The order of operations rules show which operation to perform first in order to evaluate a given mathematical expression.

## Step by step guide to use order of operations

When there is more than one math operation in an expression, use **PEMDAS**: (to memorize this rule, remember the phrase “**Please Excuse My Dear Aunt Sally**”.)

- Parentheses
- Exponents
- Multiplication and Division (from left to right)
- Addition and Subtraction (from left to right

### Example 1:

Solve. \((2 \ + \ 4) \ \div \ (2^{2} \ \div \ 4)=\)

**Solution:**

First simplify inside parentheses: \((6) \ \div \ (4 \ \div \ 4)=(6) \ \div \ (1) =\)

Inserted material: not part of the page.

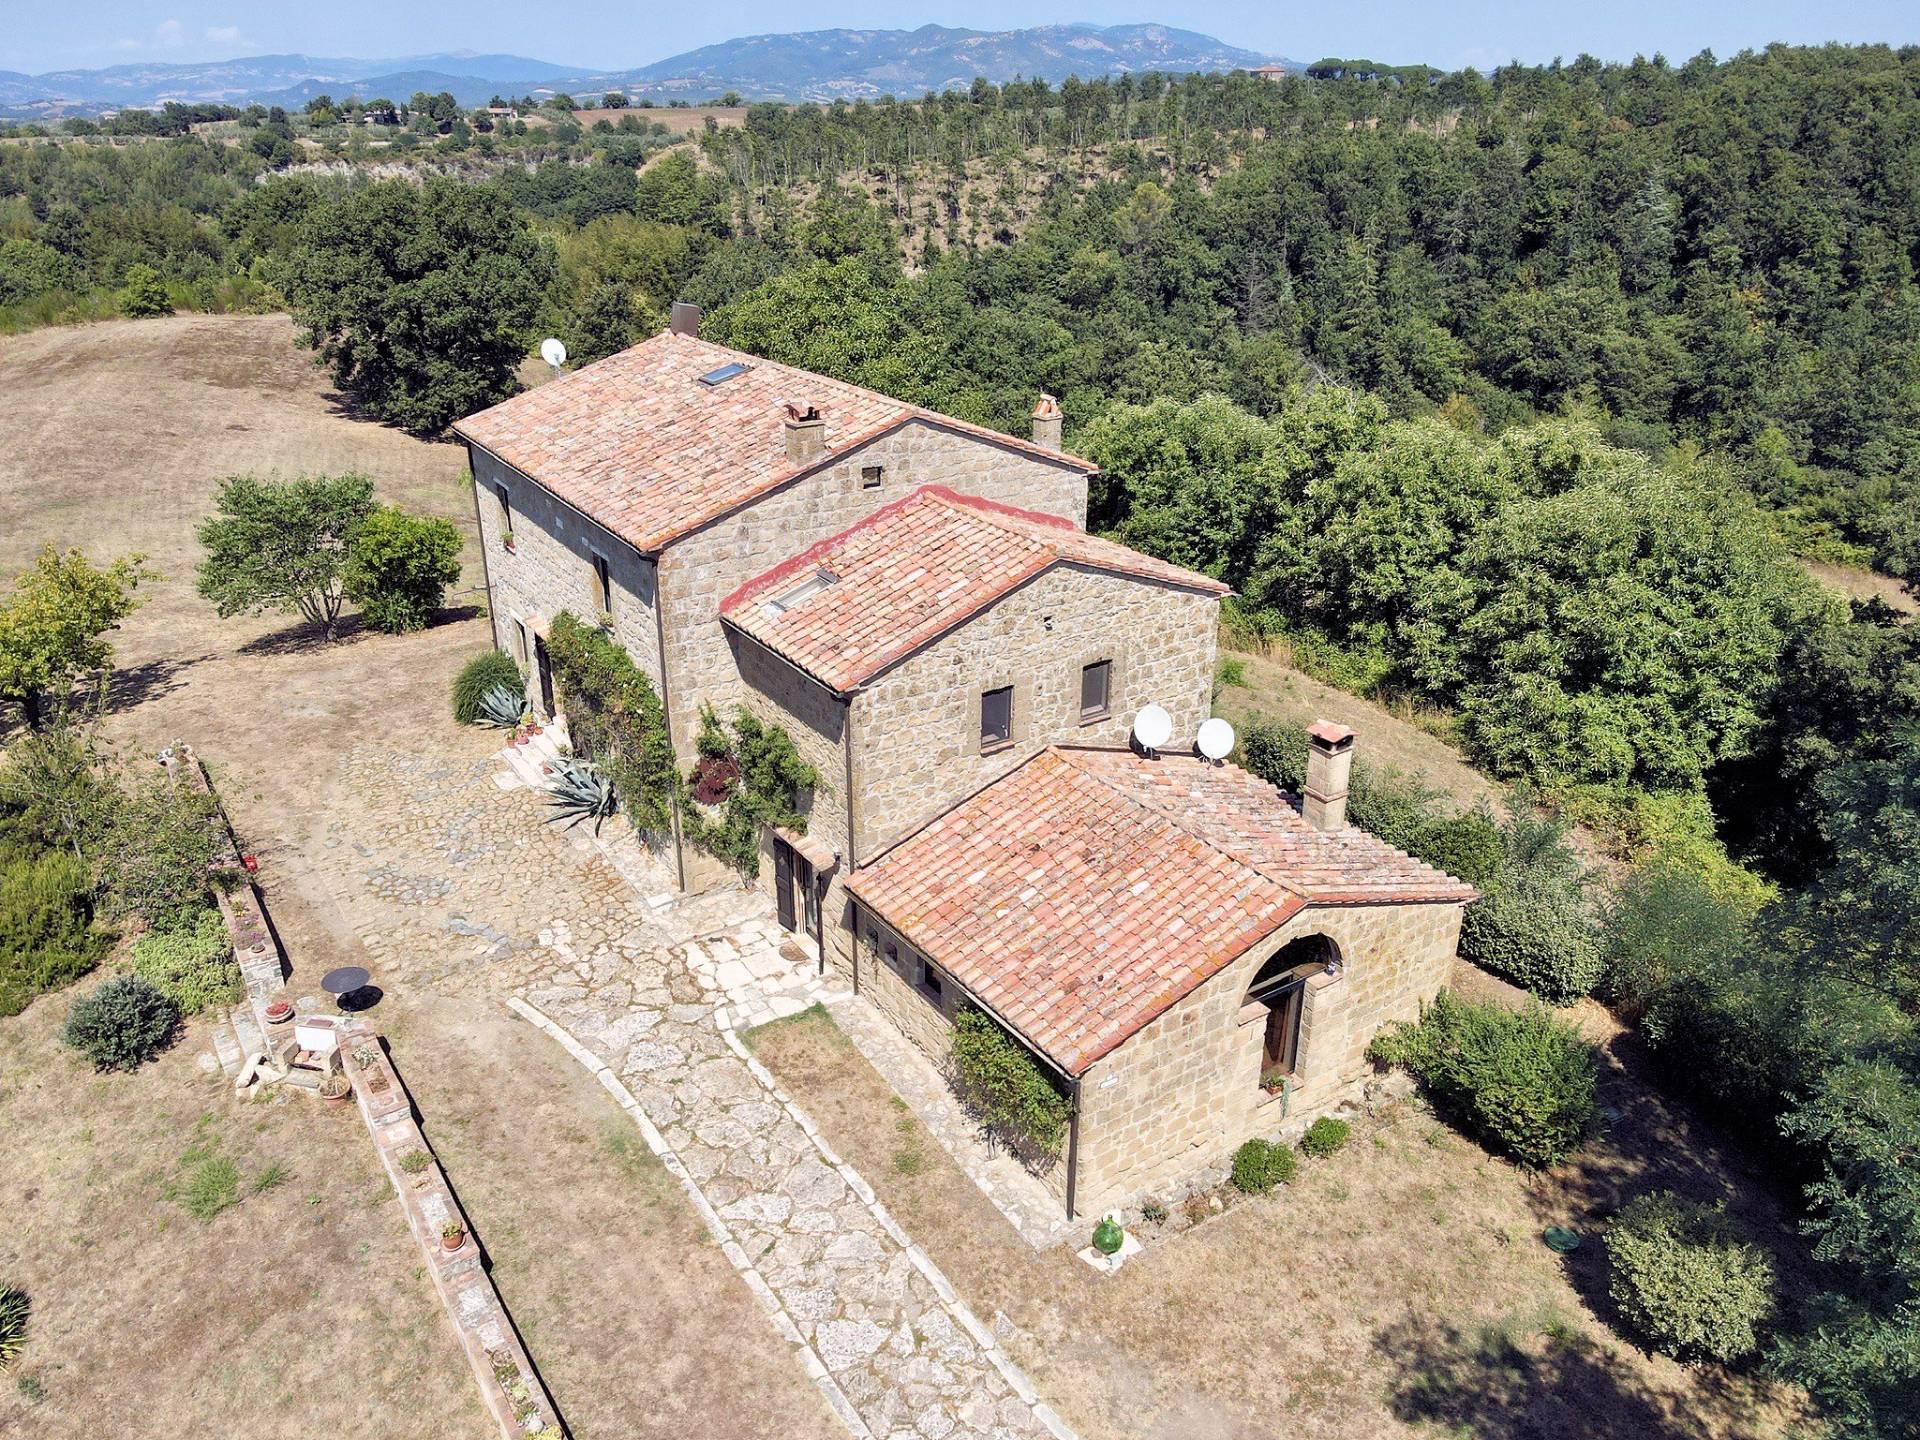 1302-Casale in stile Toscano con terreno e vista panoramica-Pitigliano-2 Agenzia Immobiliare ASIP

Then: \( (6) \ \div \ (1) =6\)

### Example 2:

Solve. \((9 \ \times \ 6) \ – \ (10 \ – \ 6)=\)

**Solution:**

First simplify inside parentheses: \((9 \ \times \ 6) \ – \ (10 \ – \ 6)=(54) \ – \ (4)\)

\( (54) \ – \ (4) =50\)

### Example 3:

Solve. \((5+7)÷(3^2÷3)=\)

**Solution:**

First simplify inside parentheses: \((12)÷(9÷3)=(12)÷(3)=\)

Then: \((12)÷(3)=4\)

### Example 4:

Solve. \((11×5)-(12-7)=\)

**Solution:**

First simplify inside parentheses: \((11×5)-(12-7)=(55)-(5)=\)

Then: \((55)-(5)=50\)

## Exercises

### Evaluate each expression.

- \(\color{blue}{(2 × 2) + 5}\)
- \(\color{blue}{(12 + 2 – 5) × 7 – 1}\)
- \(\color{blue}{(\frac{7}{5 – 1}) × (2 + 6) × 2}\)
- \(\color{blue}{(7 + 11) ÷ (– 2)}\)
- \(\color{blue}{(5 + 8) × \frac{3}{5} + 2}\)
- \(\color{blue}{\frac{50}{4 (5 – 4) – 3}}\)

### Download Order of Operations Worksheet

## Answers

- \(\color{blue}{9}\)
- \(\color{blue}{62}\)
- \(\color{blue}{28}\)
- \(\color{blue}{-9}\)
- \(\color{blue}{9.8}\)
- \(\color{blue}{50}\)